### Dataset extract
+ + + + + + +

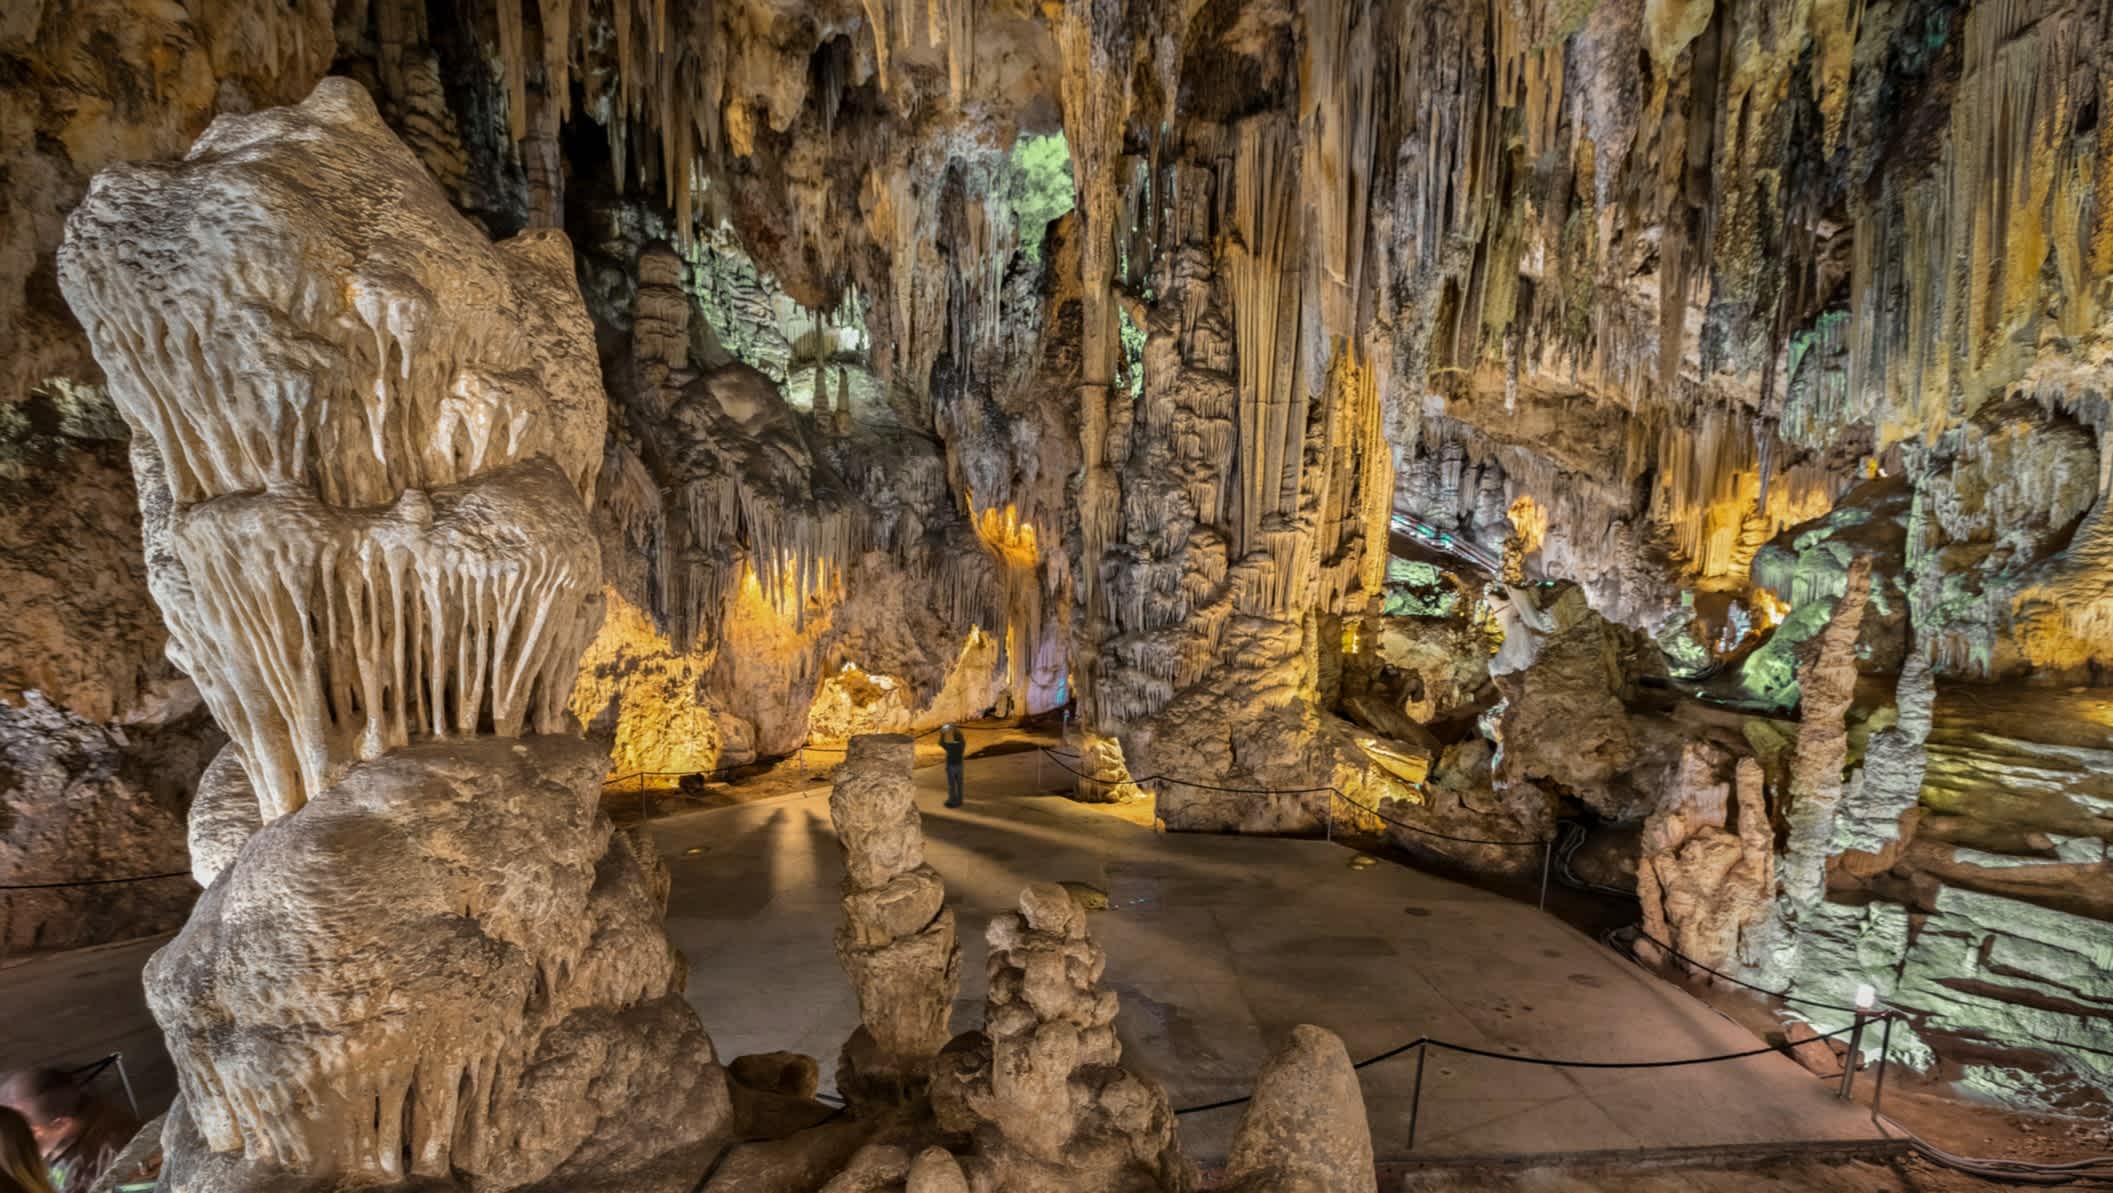 Geologische Formationen in der berühmten Nerja-Höhle, Andalusien, Spanien

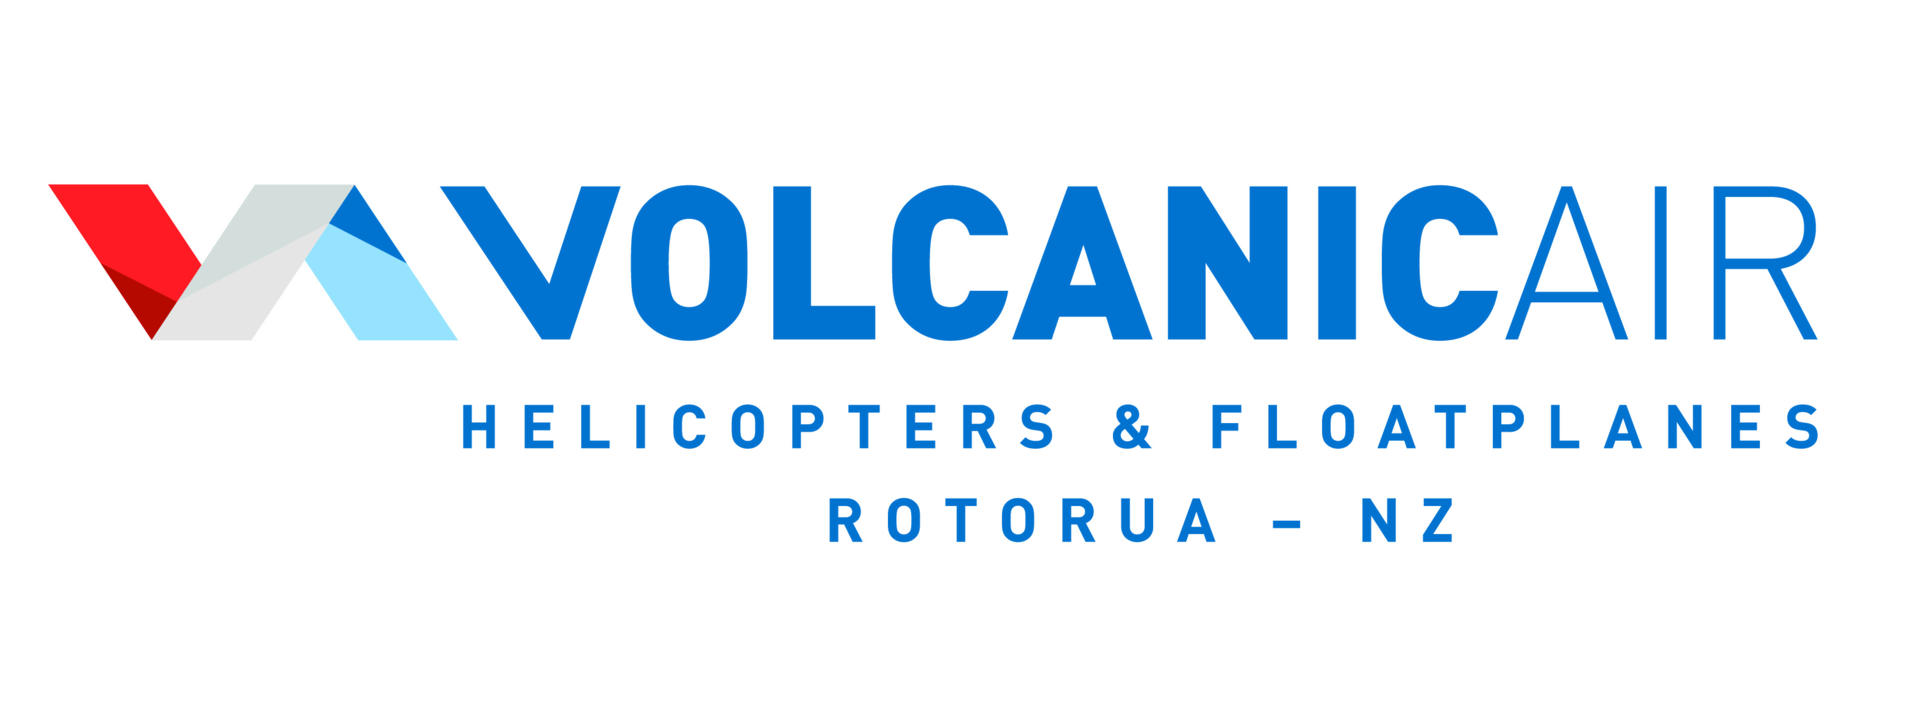 Volcanic Air
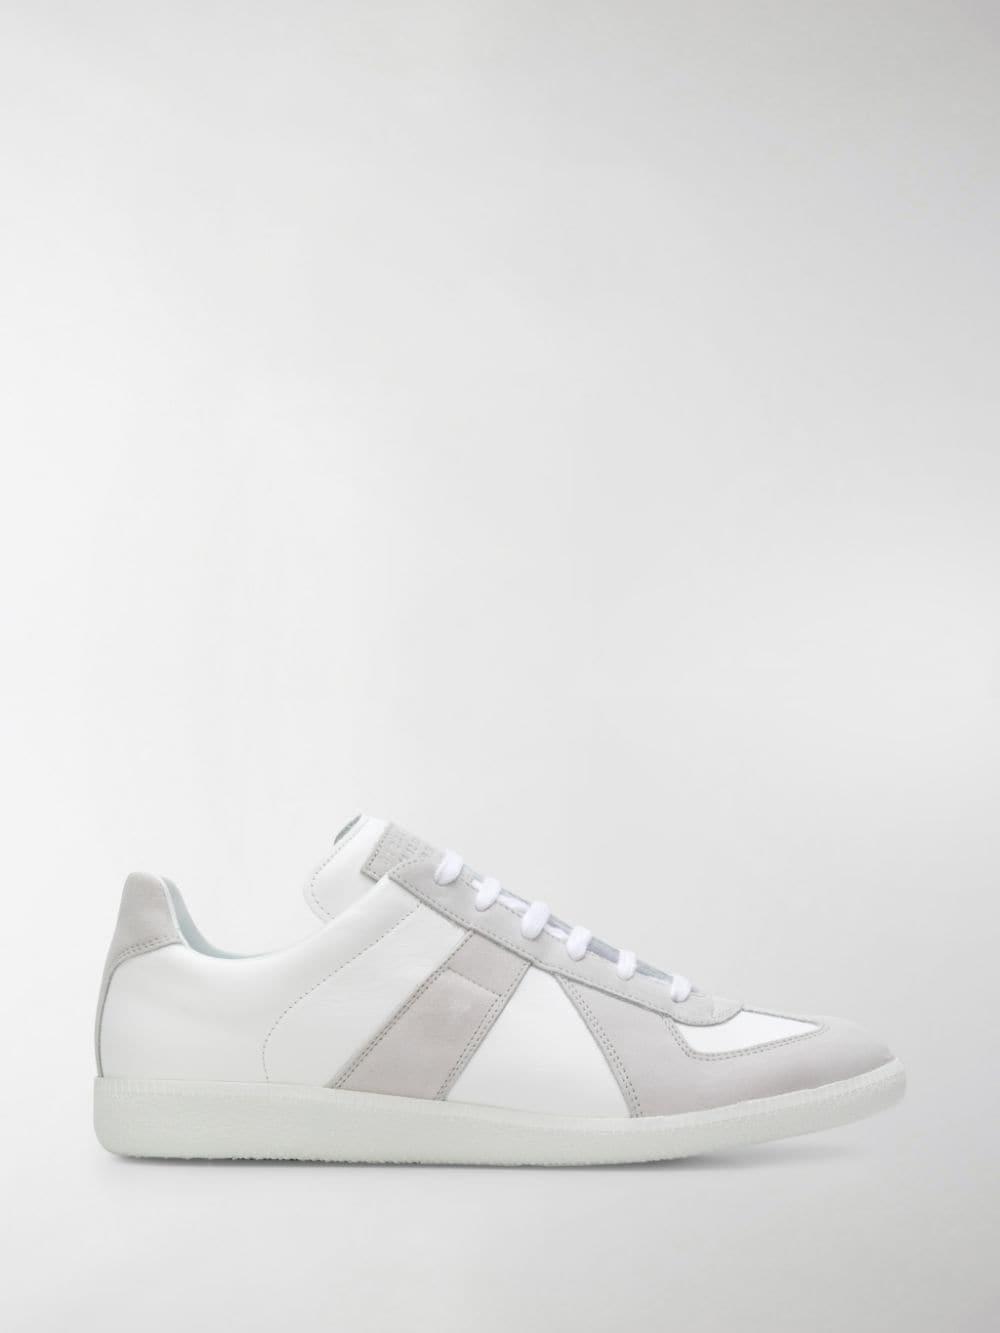 Maison Margiela Replica Sneakers in White for Men - Lyst

+ + + + + + +

Once the pictures are set aside, give the rest of the listing again exactly.

 Geologische Formationen in der berühmten Nerja-Höhle, Andalusien, Spanien

 Volcanic Air
 Maison Margiela Replica Sneakers in White for Men - Lyst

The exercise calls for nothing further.